- Task brief
In the entries that follow, the lines from the line containing "Petronas Towers Sky Bridge At Night" up to and including the line containing "公司员工档案信息登记表(通用版)" must be copied exactly, with pictures omitted.

[Provided records Boundary: Start]

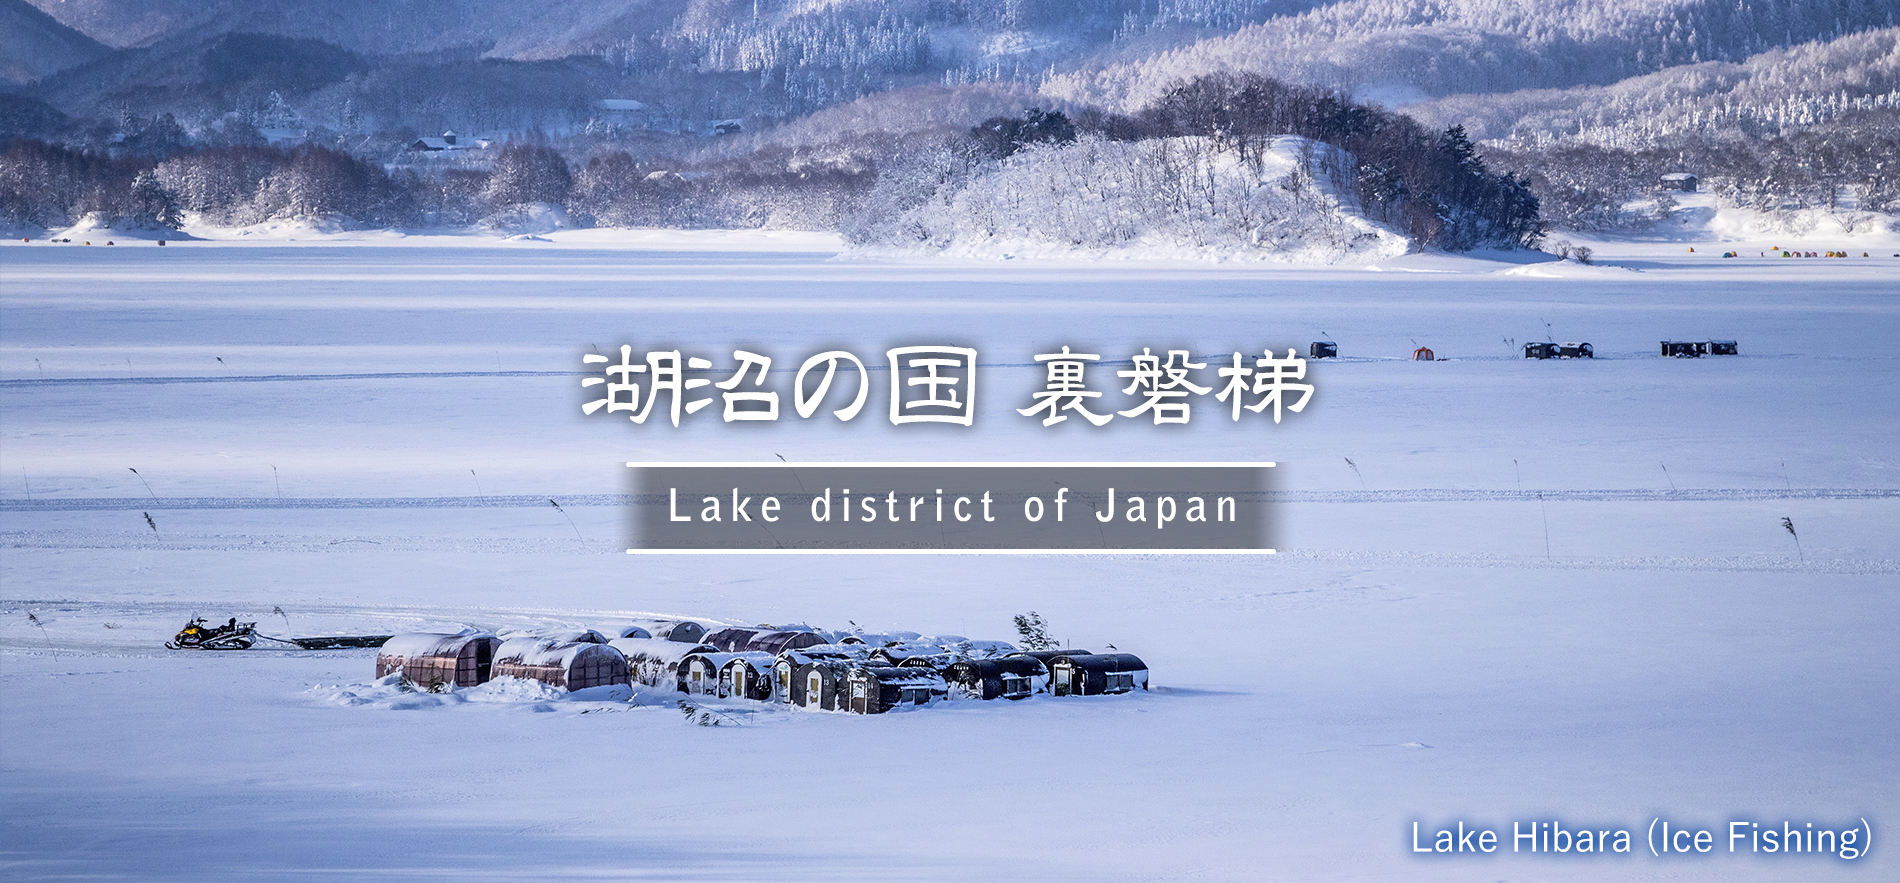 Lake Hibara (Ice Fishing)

[Provided records Boundary: End]
[Provided records Boundary: Start]

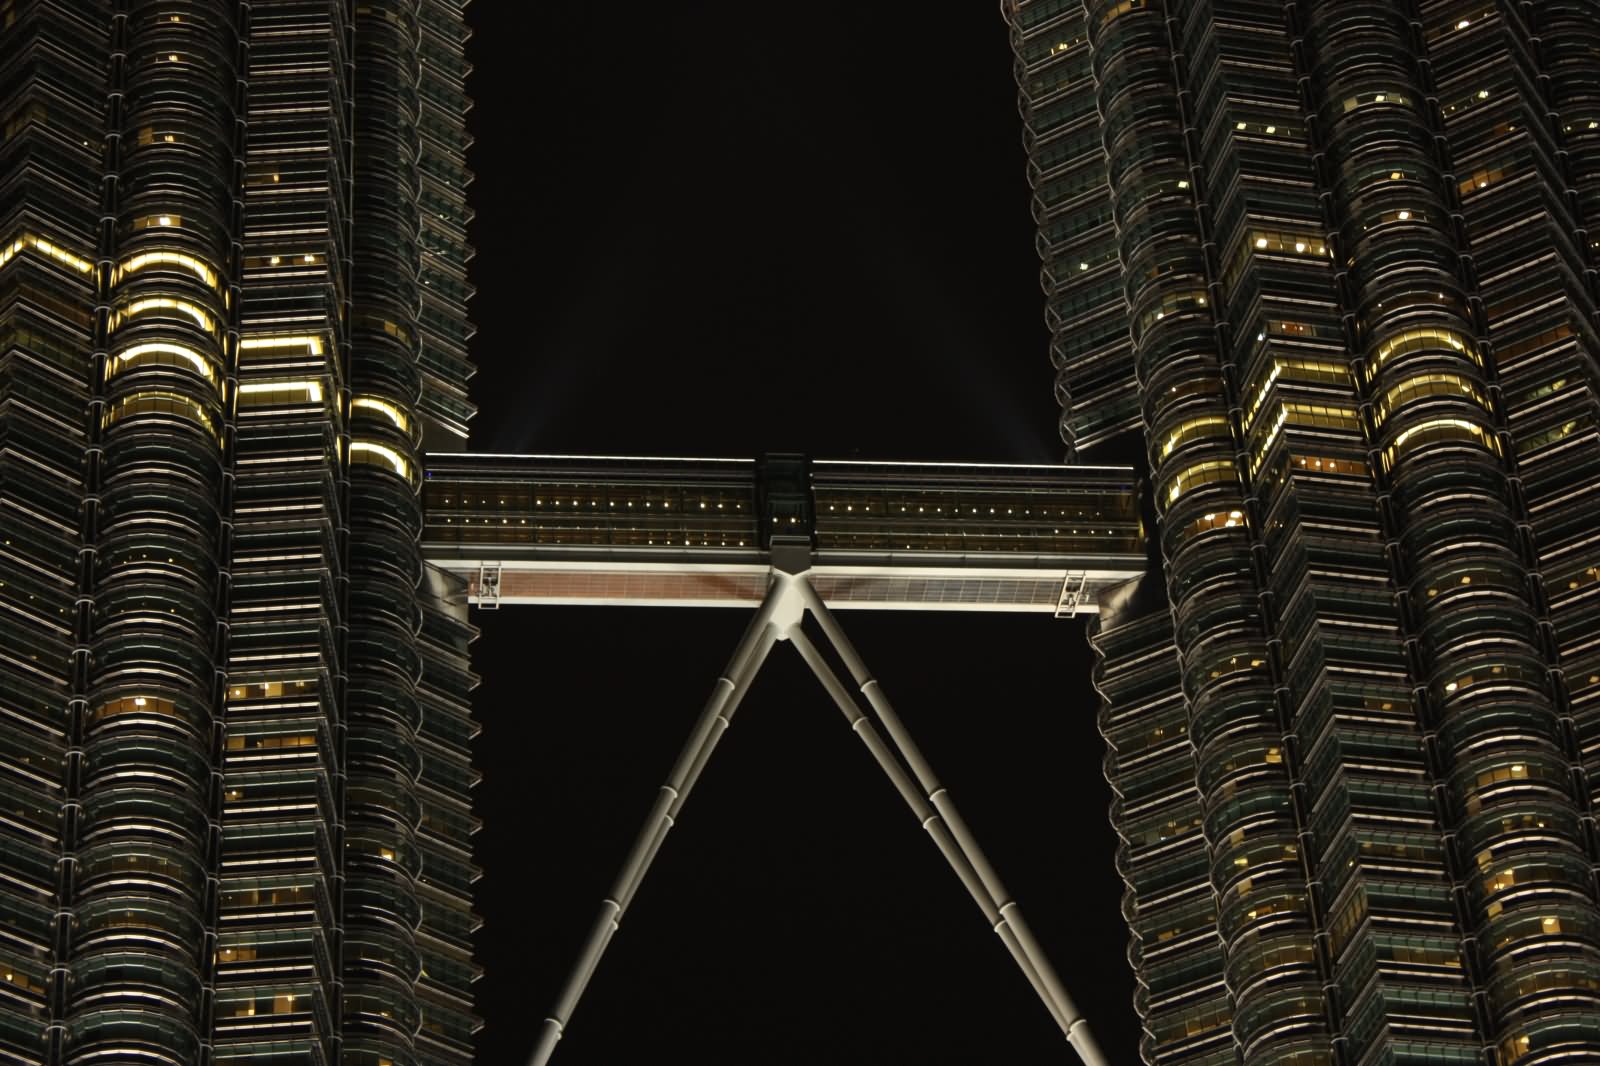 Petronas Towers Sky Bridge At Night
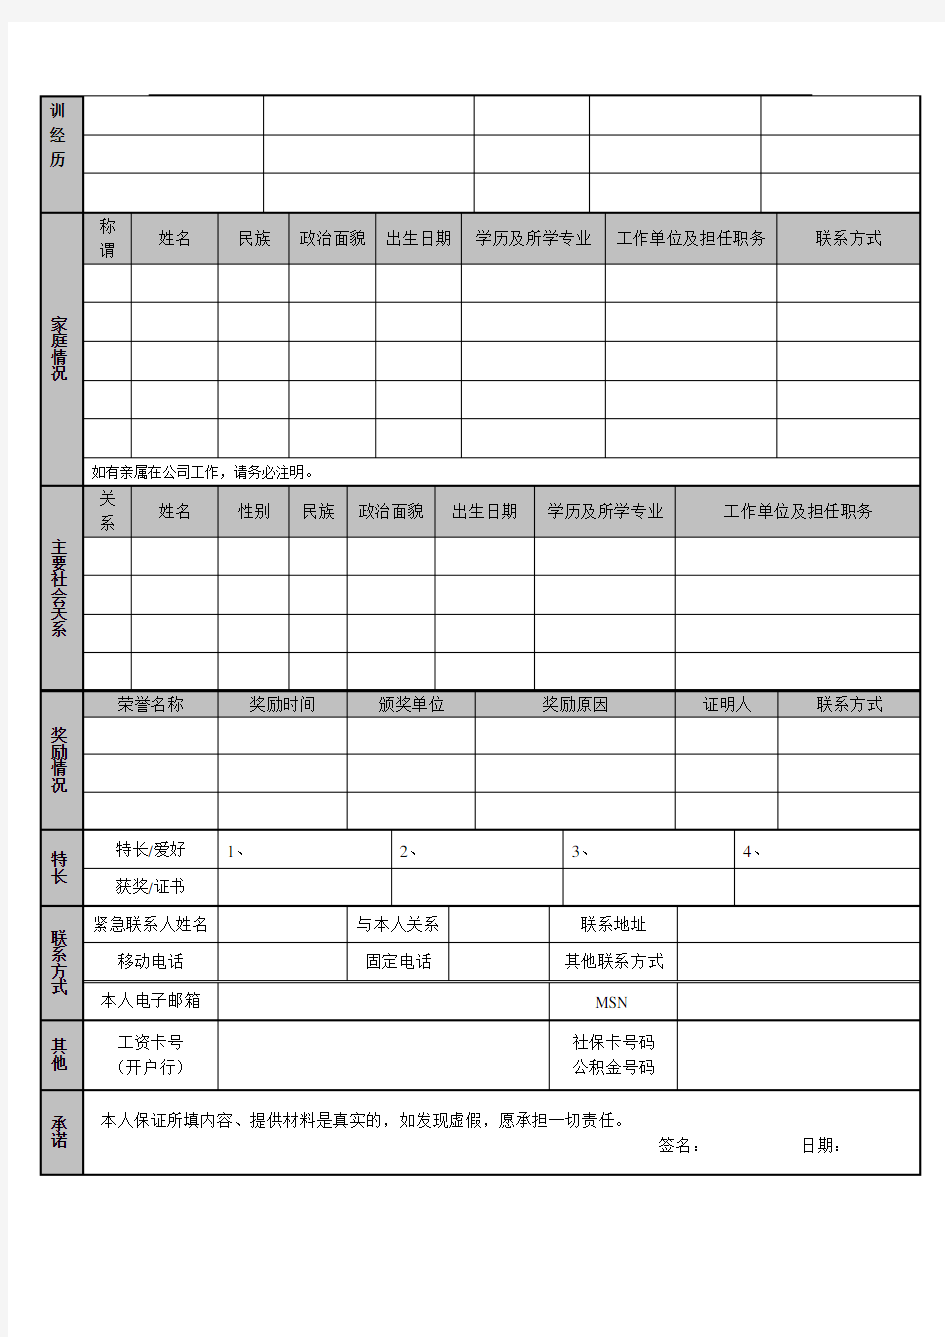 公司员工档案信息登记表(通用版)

[Provided records Boundary: End]
[Provided records Boundary: Start]

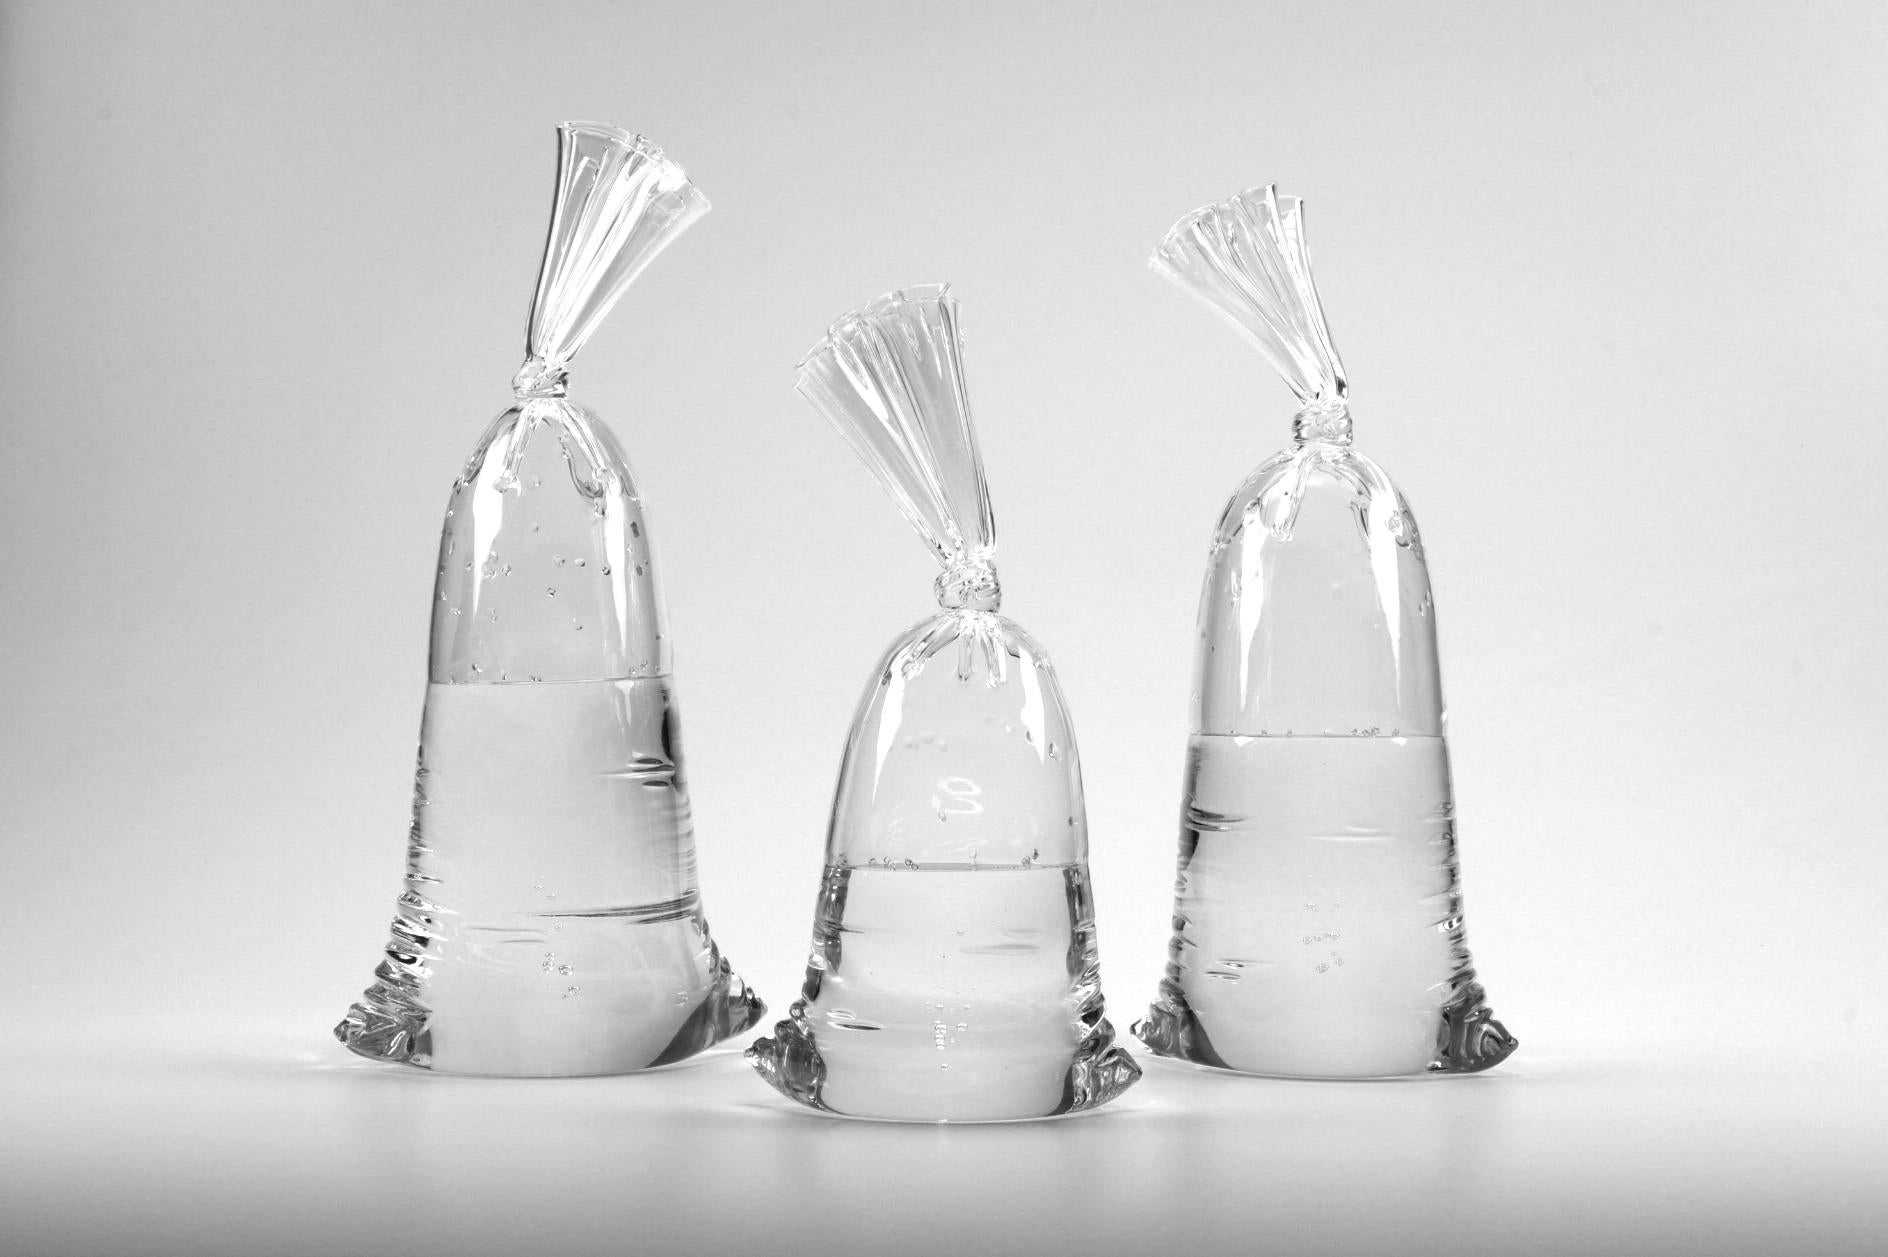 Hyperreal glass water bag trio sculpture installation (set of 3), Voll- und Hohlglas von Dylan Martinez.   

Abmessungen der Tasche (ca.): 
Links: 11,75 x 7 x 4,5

[Provided records Boundary: End]

- Response to the exercise
 Petronas Towers Sky Bridge At Night
 公司员工档案信息登记表(通用版)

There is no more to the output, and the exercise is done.